[Source data — start]
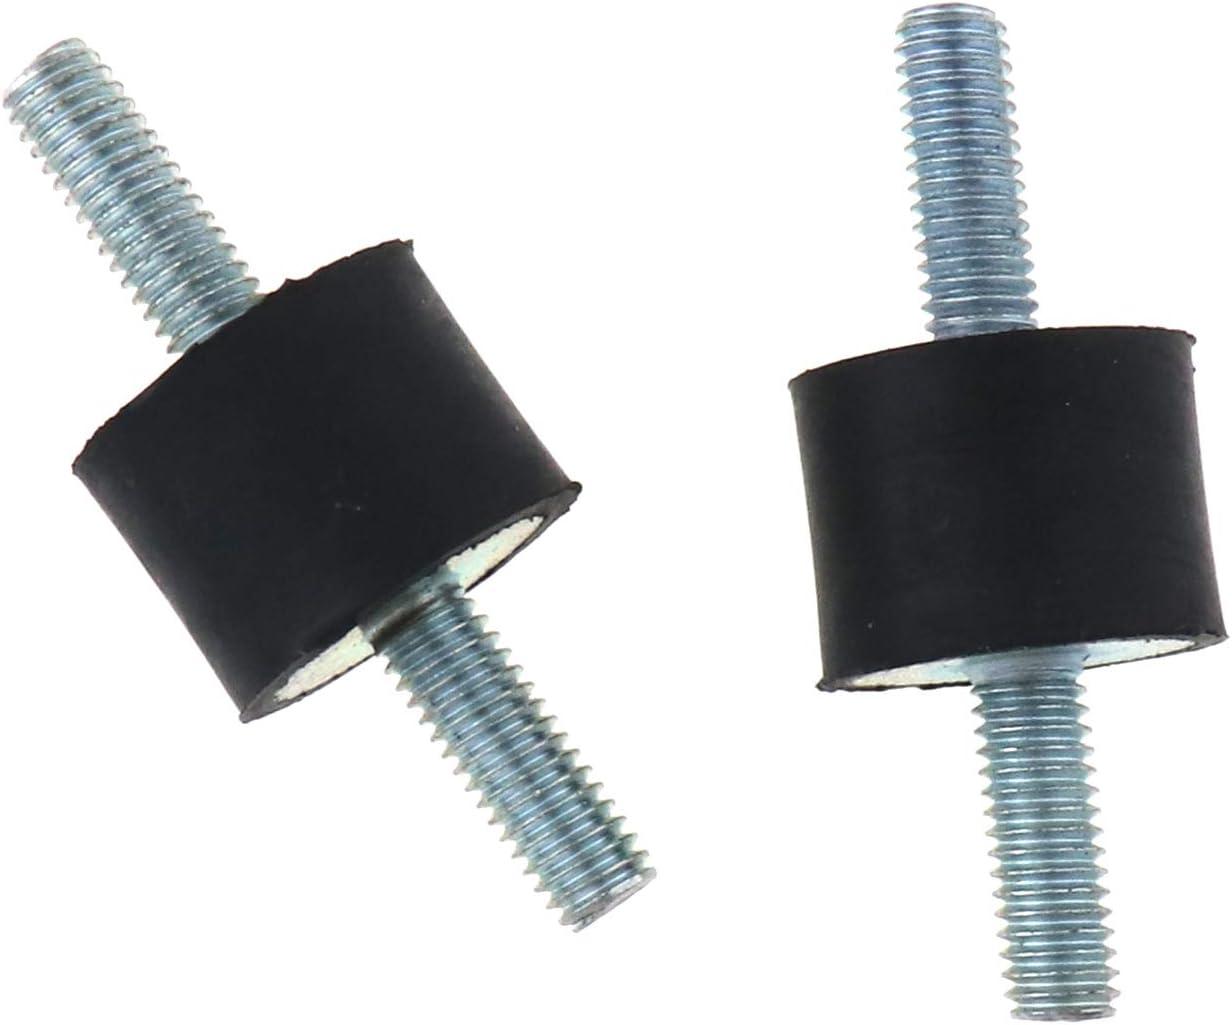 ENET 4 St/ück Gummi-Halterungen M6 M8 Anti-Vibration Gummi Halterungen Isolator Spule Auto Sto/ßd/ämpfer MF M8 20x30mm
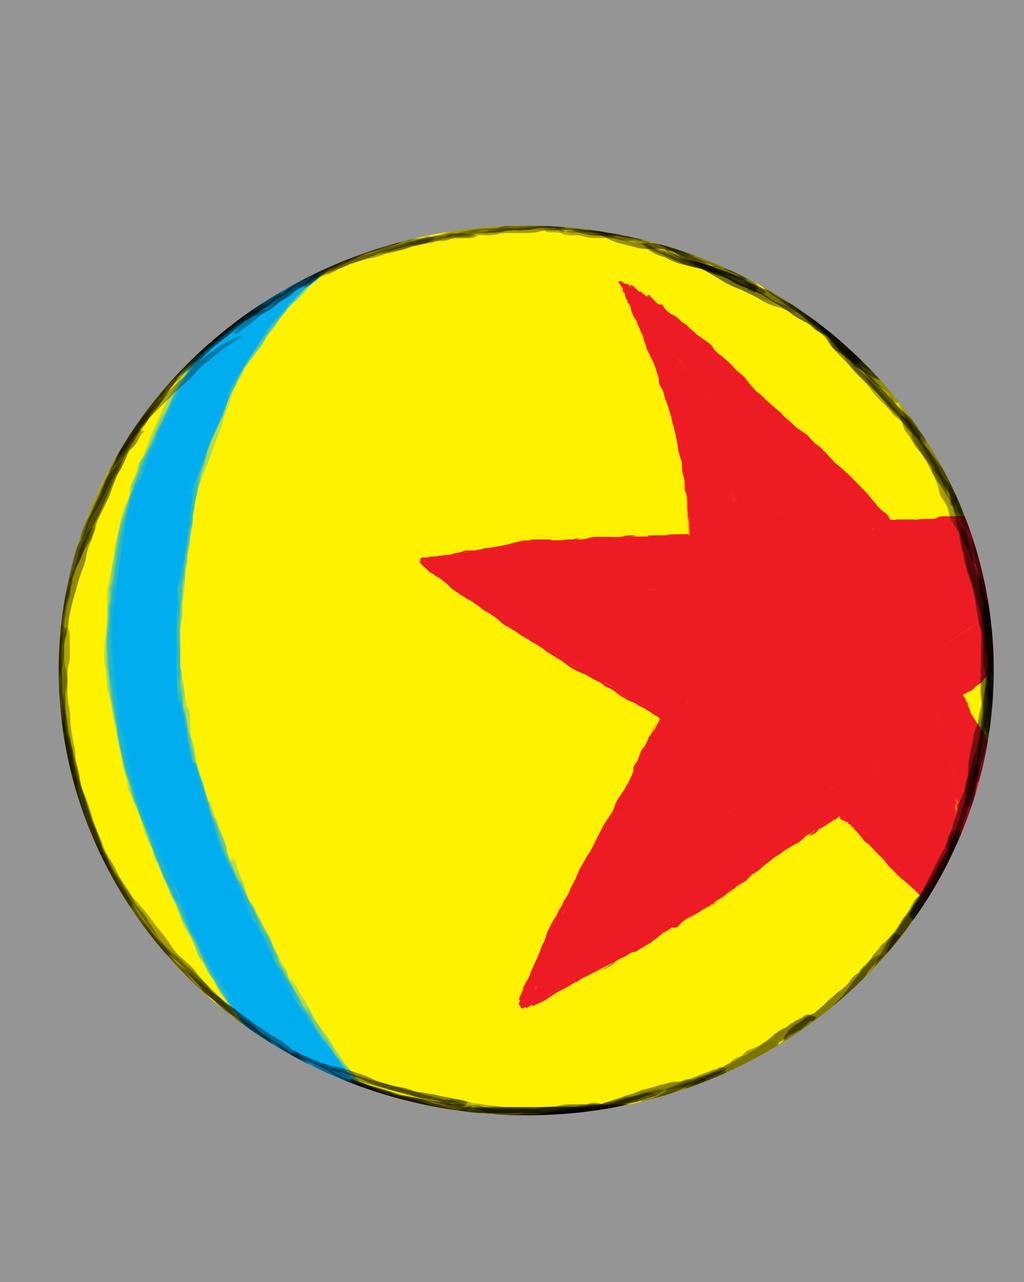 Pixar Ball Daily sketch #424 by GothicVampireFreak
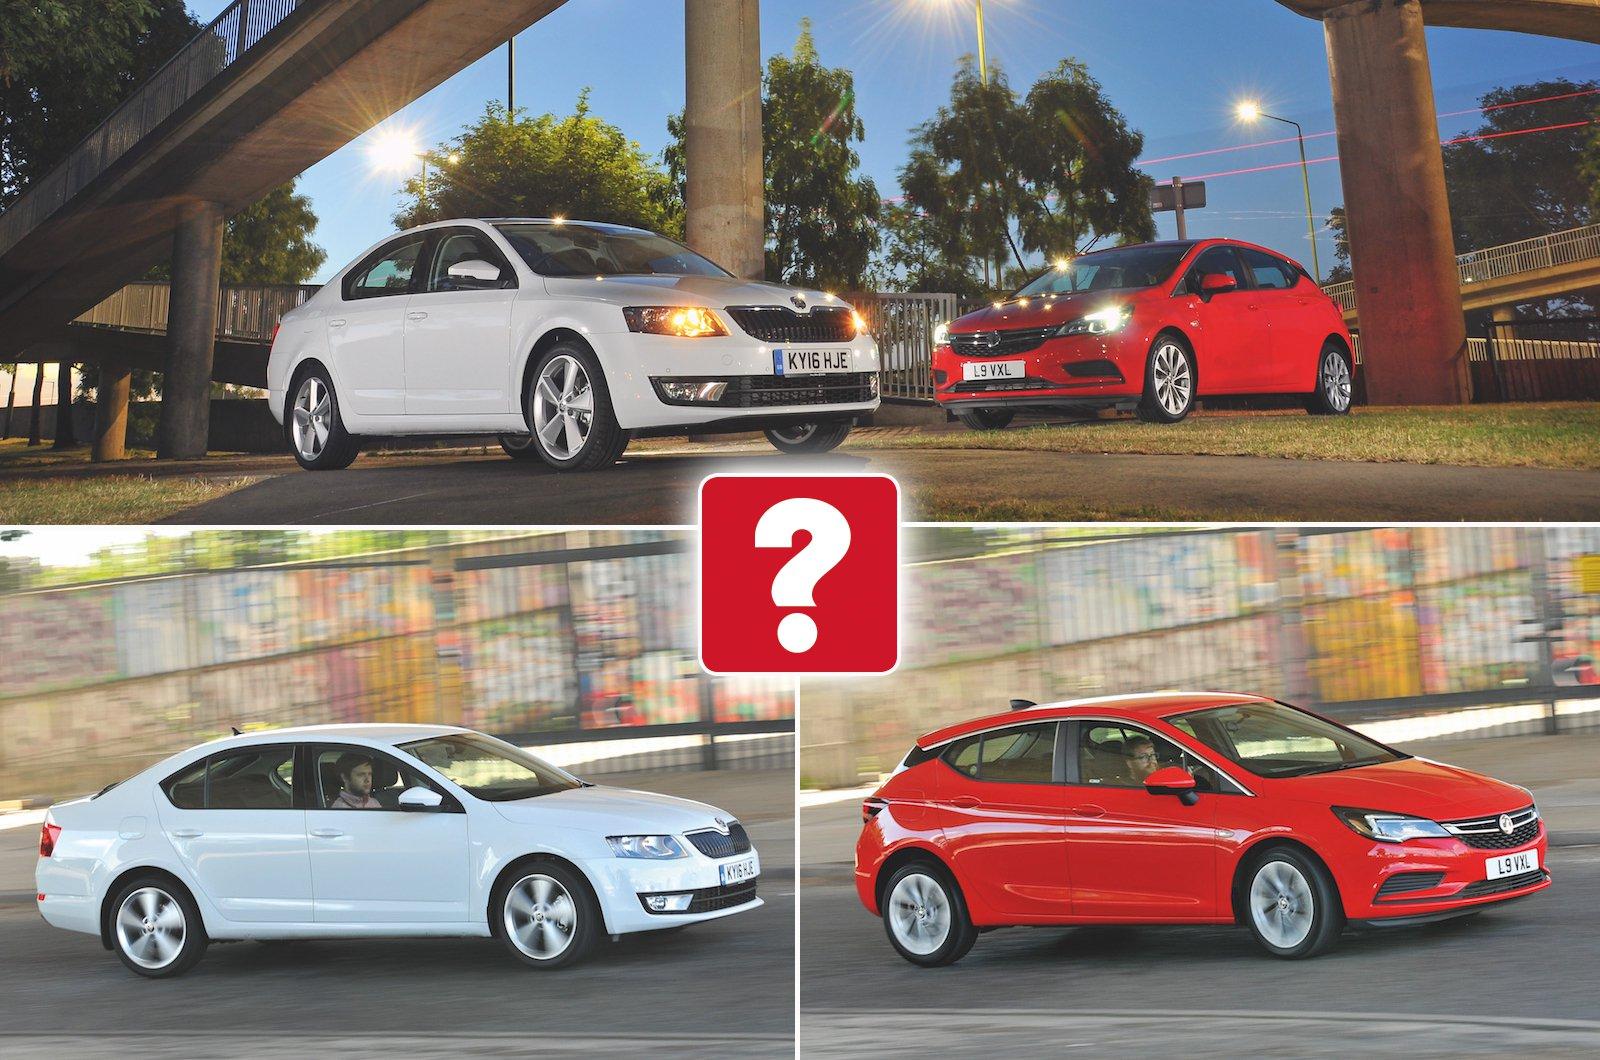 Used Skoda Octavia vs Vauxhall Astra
[Source data — finish]
■ **What is needed**: A verbatim copy of the material is needed; pictures are not to appear in it.

■ **Written response**:
 ENET 4 St/ück Gummi-Halterungen M6 M8 Anti-Vibration Gummi Halterungen Isolator Spule Auto Sto/ßd/ämpfer MF M8 20x30mm
 Pixar Ball Daily sketch #424 by GothicVampireFreak
 Used Skoda Octavia vs Vauxhall Astra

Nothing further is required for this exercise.